_DATA BLOCK_.
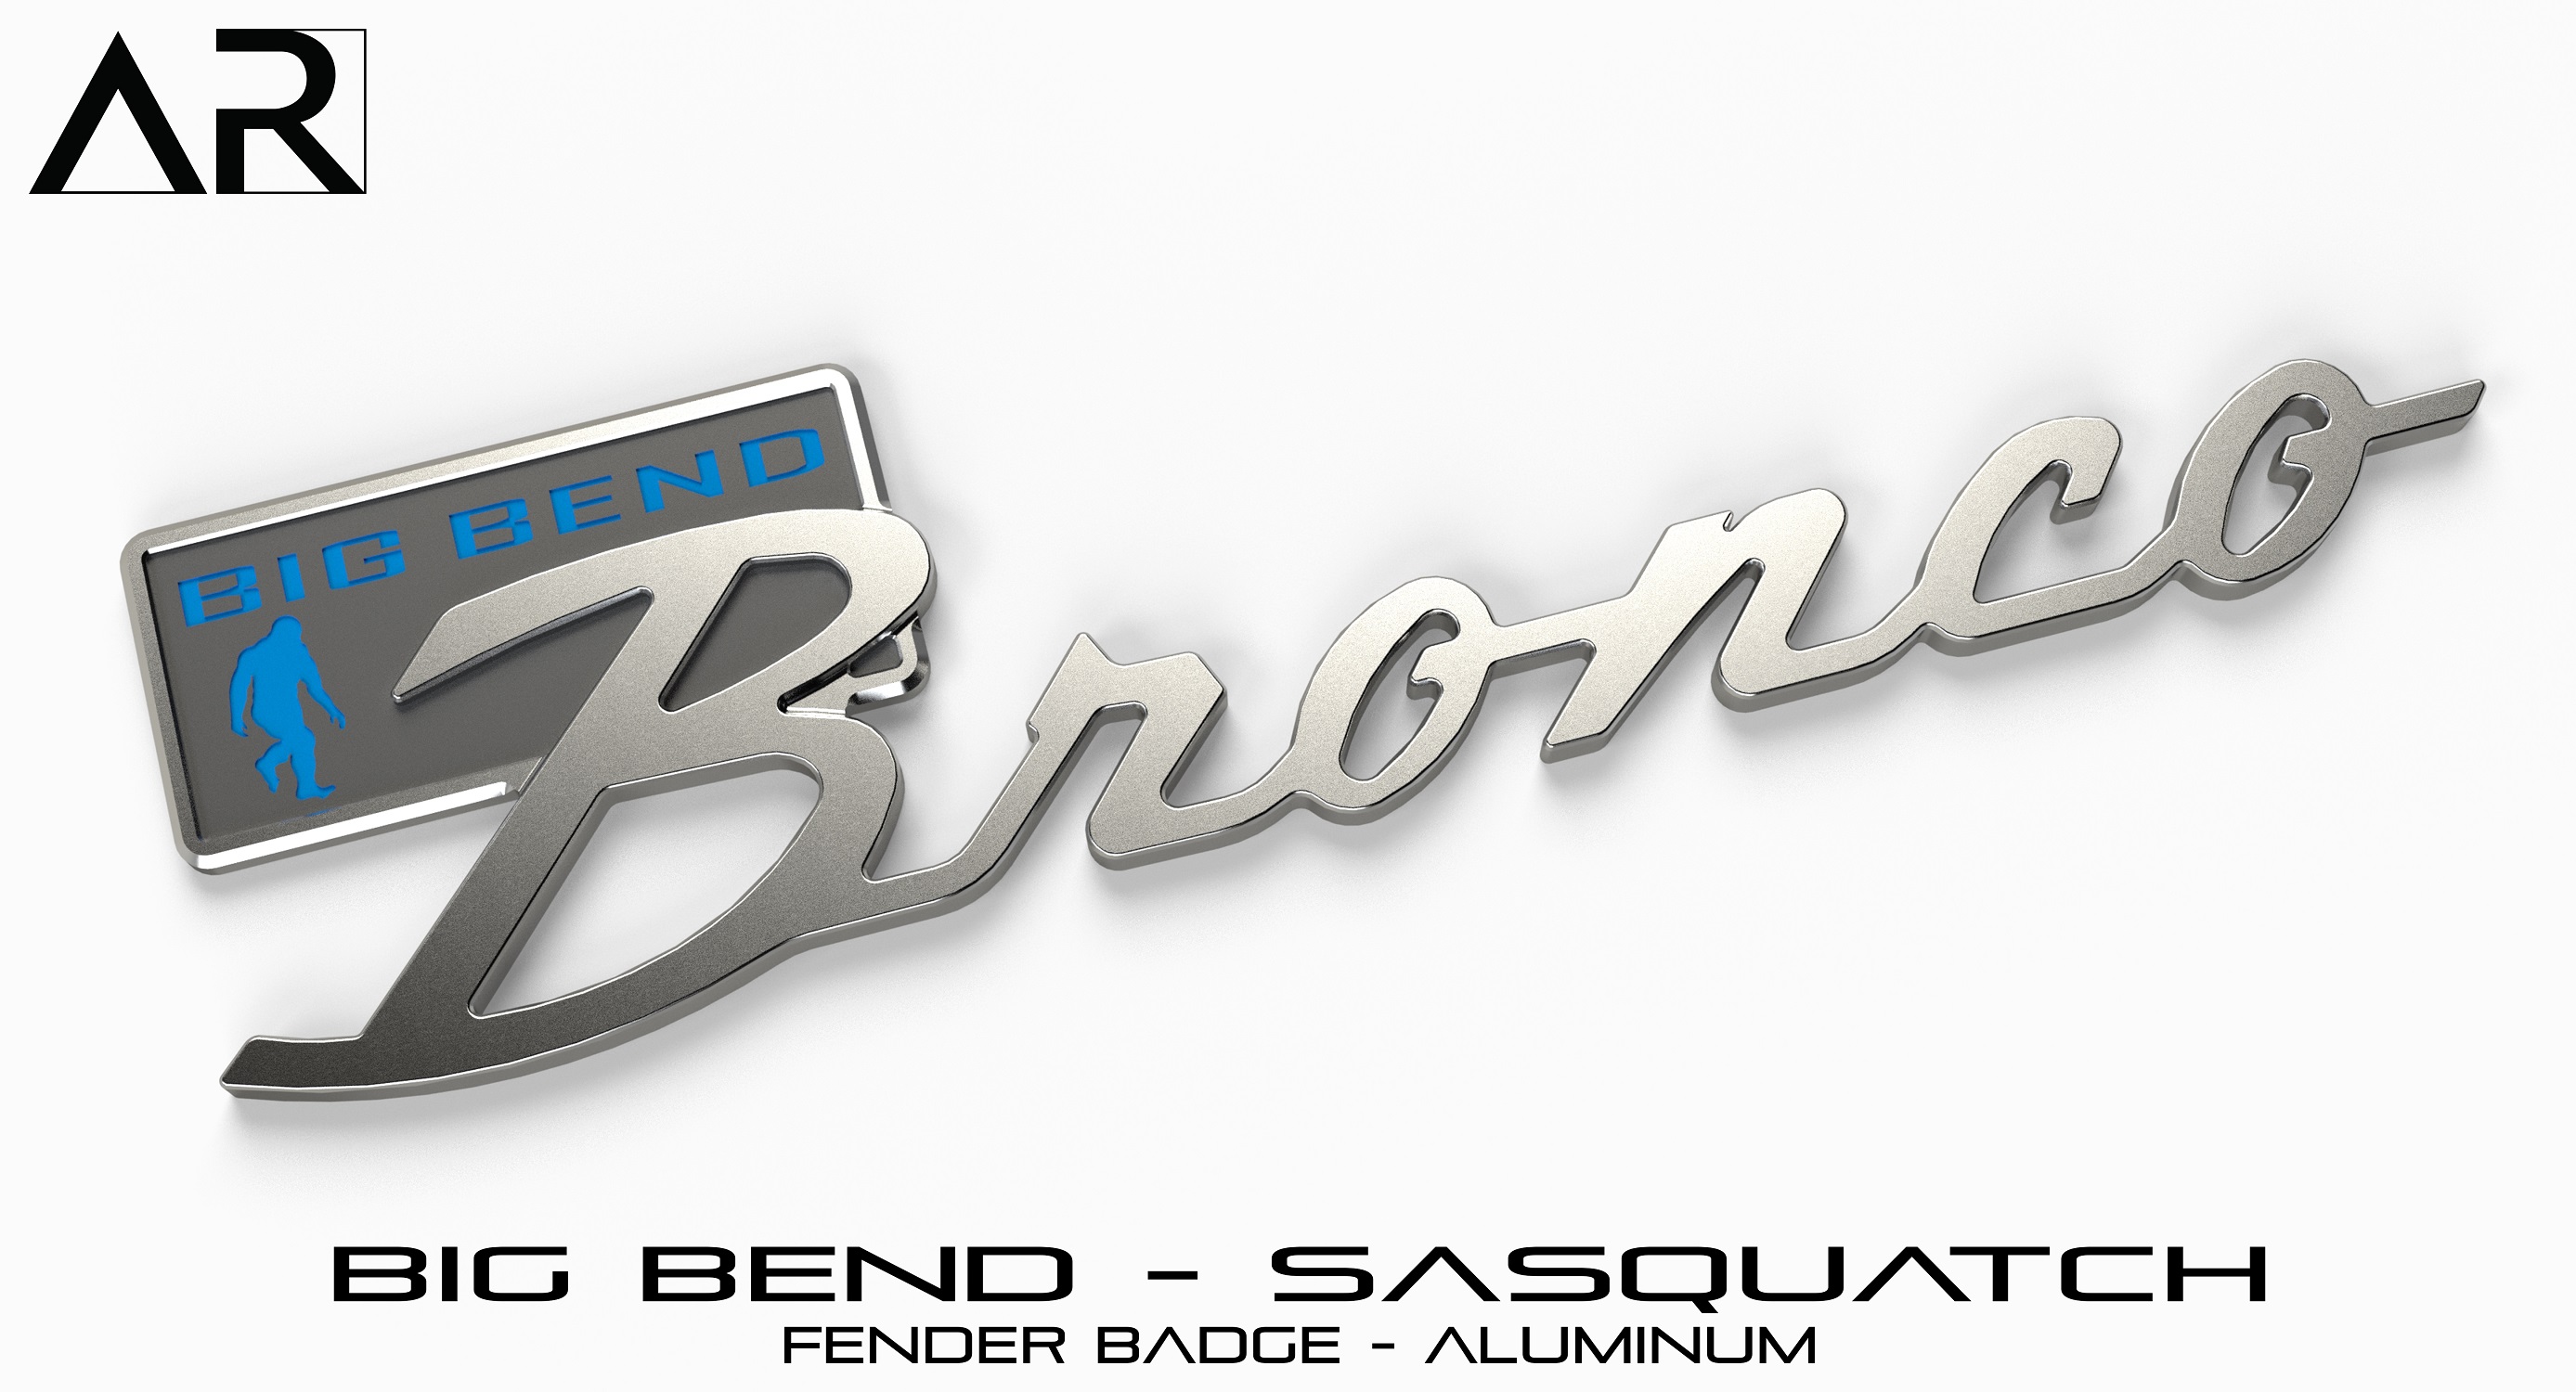 1601007_S  - Fender Badge  - Big Bend Sasquatch - Aluminum.jpg
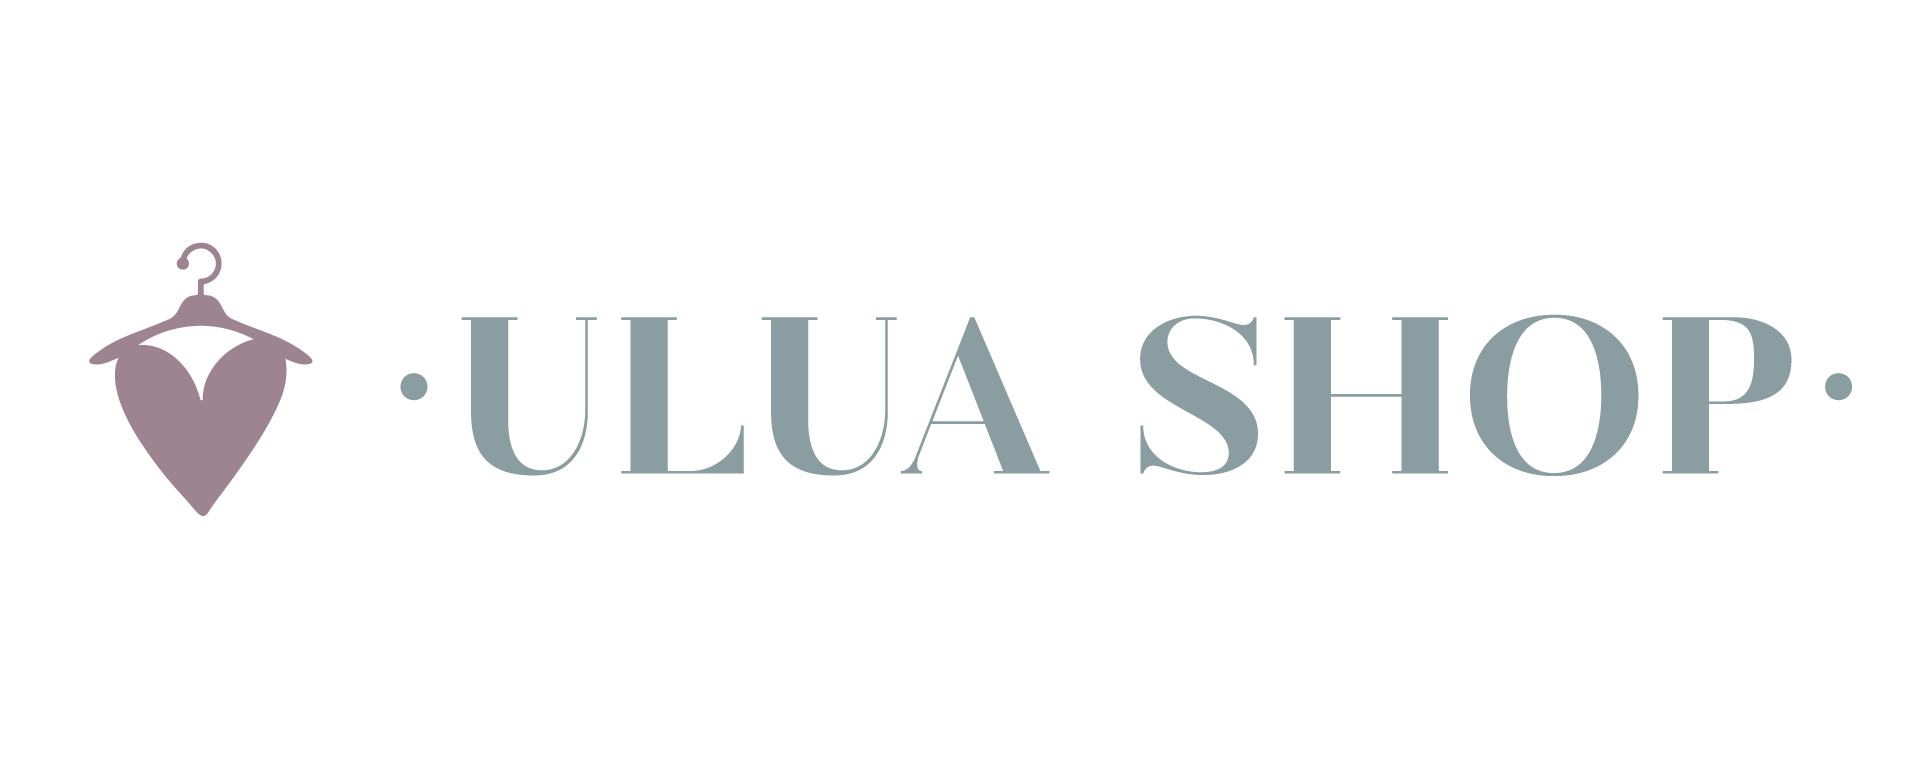 UluaShop | Tienda de moda lowcost en Algeciras
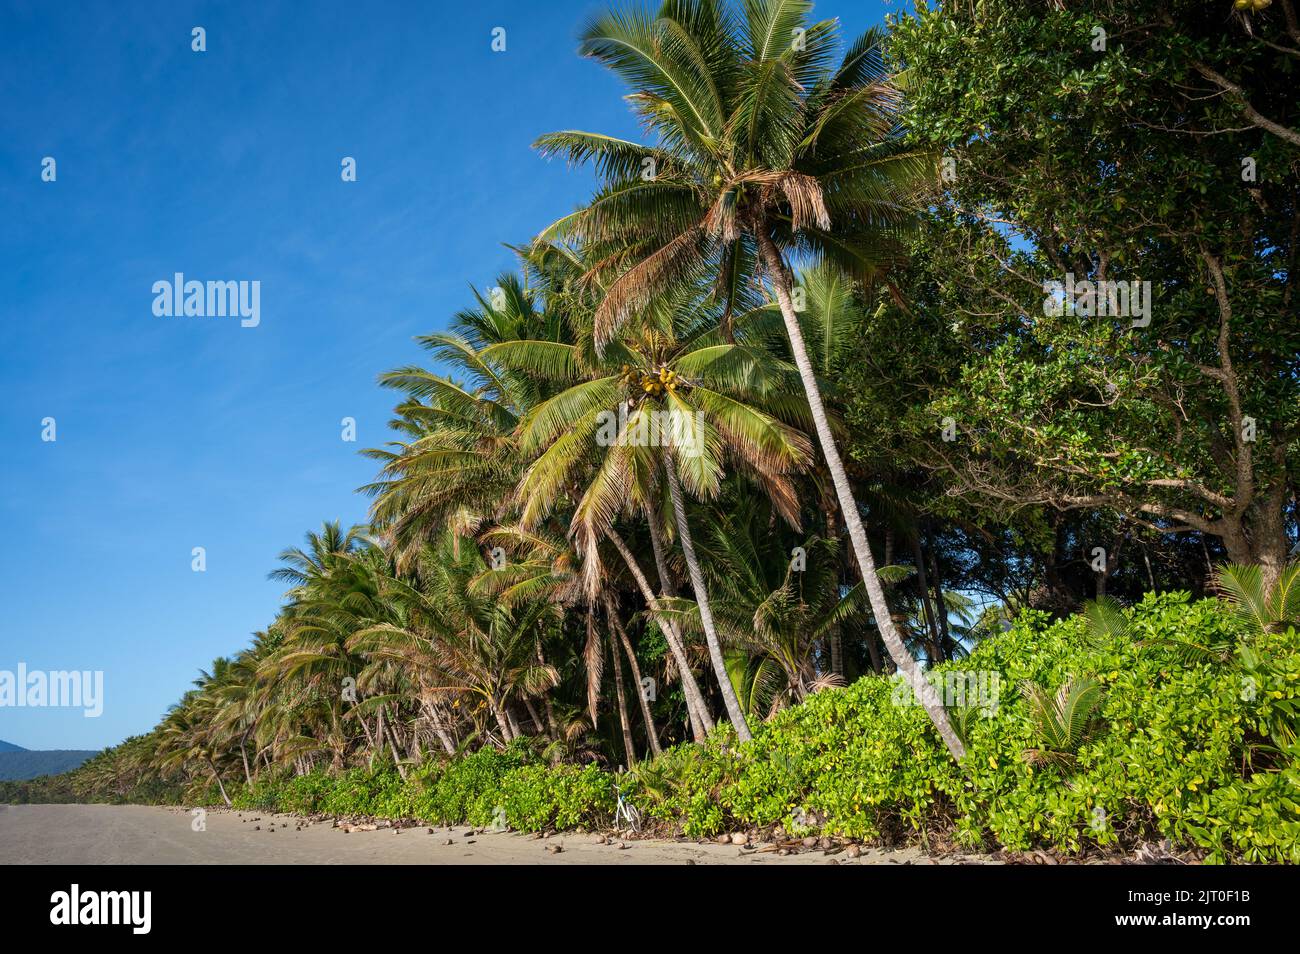 Das 4 Meilen lange, von Kokos gesäumte Strandresort an einem wunderschönen Tag am blauen Himmel in Port Douglas, angrenzend an das Sheraton Mirage Resort in Queensland, Australien. Stockfoto

_EXERCISE BRIEF_.
Omit the pictures and repeat the rest of the listing verbatim.

_SOLUTION TO THIS PROBLEM_.
 1601007_S  - Fender Badge  - Big Bend Sasquatch - Aluminum.jpg
 UluaShop | Tienda de moda lowcost en Algeciras
 Das 4 Meilen lange, von Kokos gesäumte Strandresort an einem wunderschönen Tag am blauen Himmel in Port Douglas, angrenzend an das Sheraton Mirage Resort in Queensland, Australien. Stockfoto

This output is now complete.